Irvine is the best run city in the country, according to USA Today.
Meanwhile, my hometown, San Bernardino, is ranked the worst-run city.
I think I'm more surprised by Irvine's placement on the list than Smog Berdoo's.
USA Today reports an area's economy, job market, crime level and welfare of the population figured into the rankings.
Here's why Irvine was numero uno:
1. Irvine, California
> Population: 230,000 (86th largest)
> Credit rating: not rated
> Violent crime per 100,000: 51 (the lowest)
> 2012 Unemployment rate: 5.7% (tied-10th lowest)

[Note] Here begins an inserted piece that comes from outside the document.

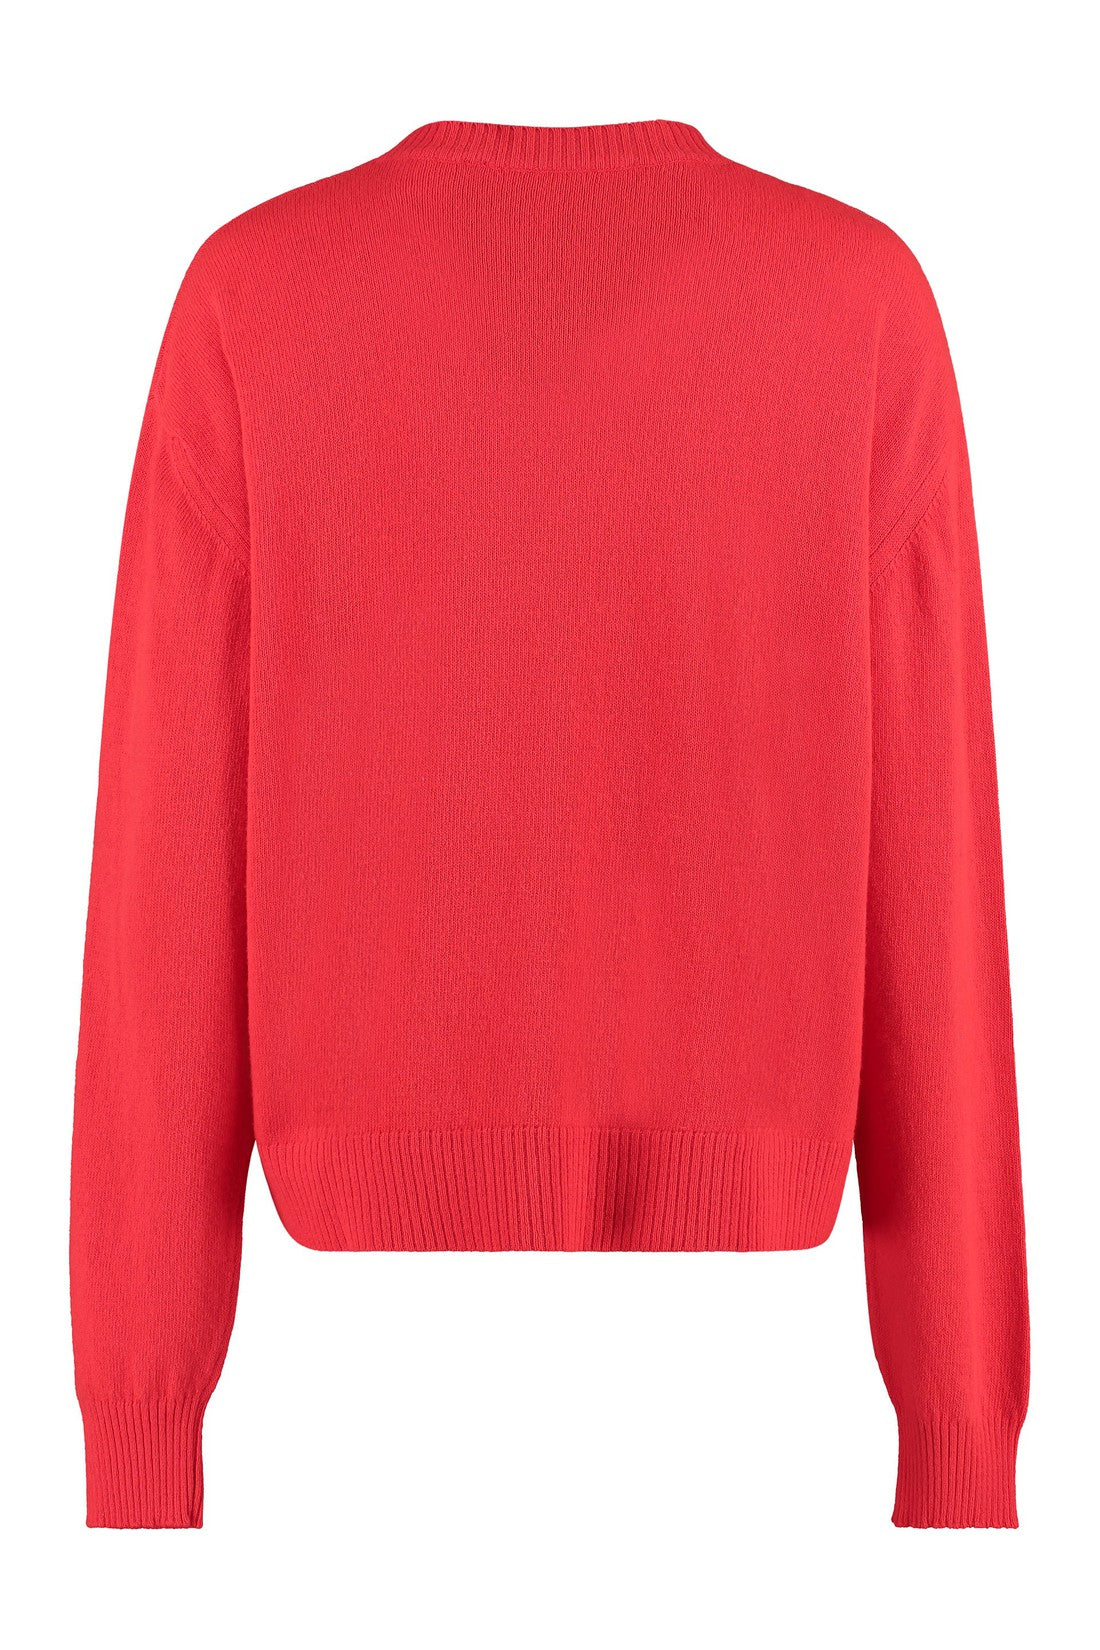 Philosophy di Lorenzo Serafini-OUTLET-SALE-Philosophy x Peanuts™- Wool and cashmere sweater-ARCHIVIST

Irvine has a very well-educated population. Last year, 97% of Irvine adults had at least a high school diploma, and more than two-thirds had at least a bachelor's degree. The city is home of the University of California, Irvine, which is the top local employer. The heavy concentration of well-educated adults has also led to higher incomes. Irvine's median household income was around $96,000 last year, exceeding that of nearly every other large city. The typical Irvine home cost about $630,400 last year, more than any other large U.S. city except San Francisco. The city was also one of the safest in the nation, with only 51 violent crimes per 100,000 people.
Following Irvine (in order) are: Fremont, California; Plano, Texas; Lincoln, Nebraska; and Virginia Beach, Virginia.
San Bernardino managed to, uh, top(?) Detroit by having filed for bankruptcy in the face of a $46 million deficit. Also cited were: falling tax revenues; poor financial planning (including inaccurate reporting from city officials); a housing market in crisis; low median household incomes; a 16 percent unemployment rate last year (nearly double the national rate of 8.1 percent); and less than 11 percent of adults living there have a bachelor's degree or higher last year, the smallest percentage of any large U.S. city.
Next came Detroit, then Newark, New Jersey, then Miami and finally Stockton, California.